Hello, dear friend, you can consult us at any time if you have any questions, add WeChat: THEend8_
REGRESSION MODELLING
STAT7038
INSTRUCTIONS:
• This assignment is worth 15% of your overall marks for this course.
• You must complete this assignment by yourself. If you copy someone else’s work or allow your work to be copied, you will receive a mark of zero for the assignment and risk very severe academic consequences.
• Your report should be submitted to Turnitin on Wattle as a single pdf document (less than 25MB) including the following:
1. The assignment cover sheet (available to download from Wattle).
2. Your assignment (no more than 10 pages).

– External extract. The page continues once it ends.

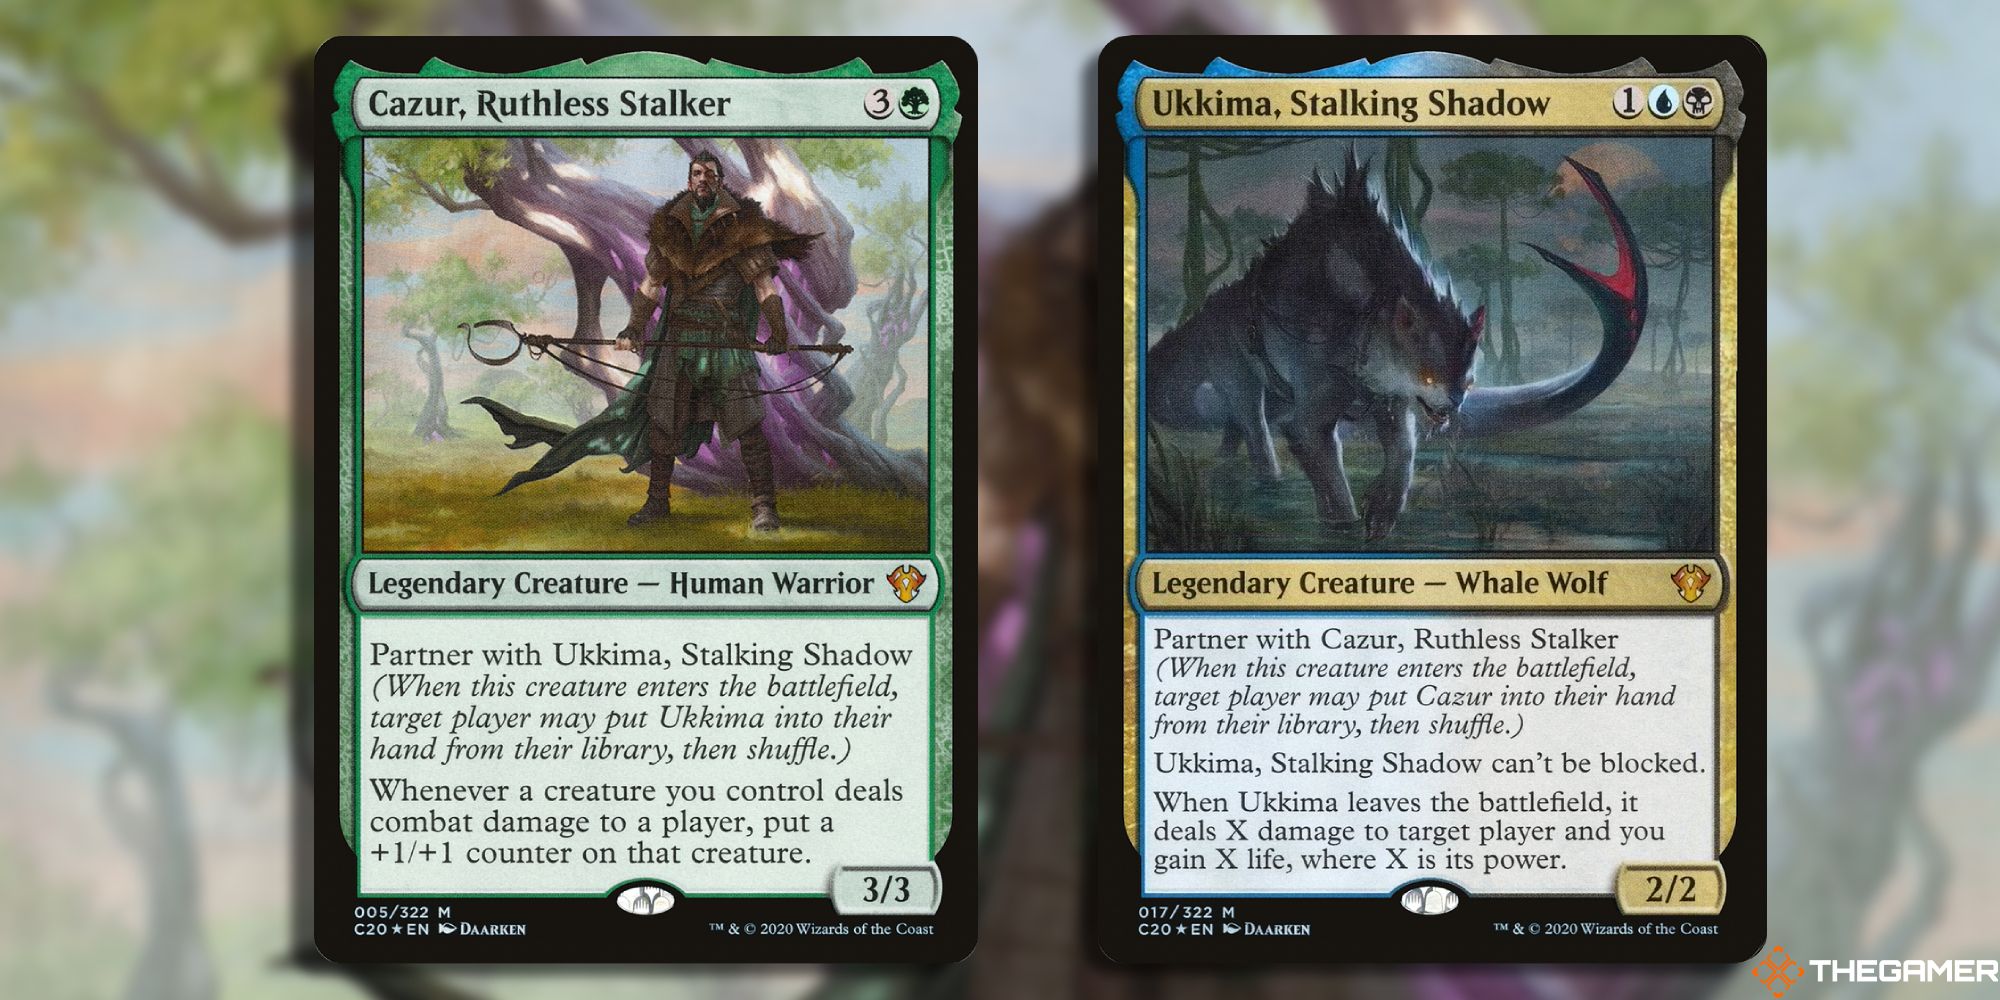 Image of the Cazur, Ruthless Stalker and Ukkima, Stalking Shadow card in Magic: The Gathering, with art by Daarken

3. An appendix including the R codes you used. Failure to upload the R code will result in a penalty.
Question 1 [100 Marks]
You decide to work as an academic staff in a university. Other than research ability, academic administrators pay attention to teaching quality in setting salaries. You would like to know how some ascriptive characteristics, such as beauty, affect the instructor’s ratings by students. You are given a dataset containing professor characteristics for 463 courses for the academic years 2000 −2002 at the University of Texas at Austin. The response variable is teaching evaluation scores (eval) and the predictors are ratings of the instructor’s physical appearance measured by a score (beauty), age (age), number of students that participated the evaluation (student), number of students enrolled in the course (allstudents), whether the instructor is male or female (gender), whether the instructor is from a minority group (minority), whether the instructor is on tenure track (tenure), and whether the instructor is a native English speaker (native).
In this assignment, we would like to use some of these variables to try and build a multiple regression model with eval as the response variable. Use R to further analyse the “teach” data (available on Wattle) and answer the following questions:
(a) [6 marks] First identify which variables are numeric in this dataset and fit a multi- ple linear regression (MLR) model with eval as the response variable and all other numeric variables as predictors. Present the main residual plot of the residuals against the fitted values for this model. Are there are any obvious problems with underlying assumptions?
(b) [10 marks] It is not very difficult to see that eval is always positive (ranges from 0 to 5), so it would be worth trying to transform the variable such as the log transformation. Now fit a MLR model with ln(eval) as the response variable, still using all the other numeric variables (not log transformed) as explanatory variables. Again present the main residual plot of the residuals against the fitted values for this new model. Comment on this new residual plot. Then, test whether this model is significant.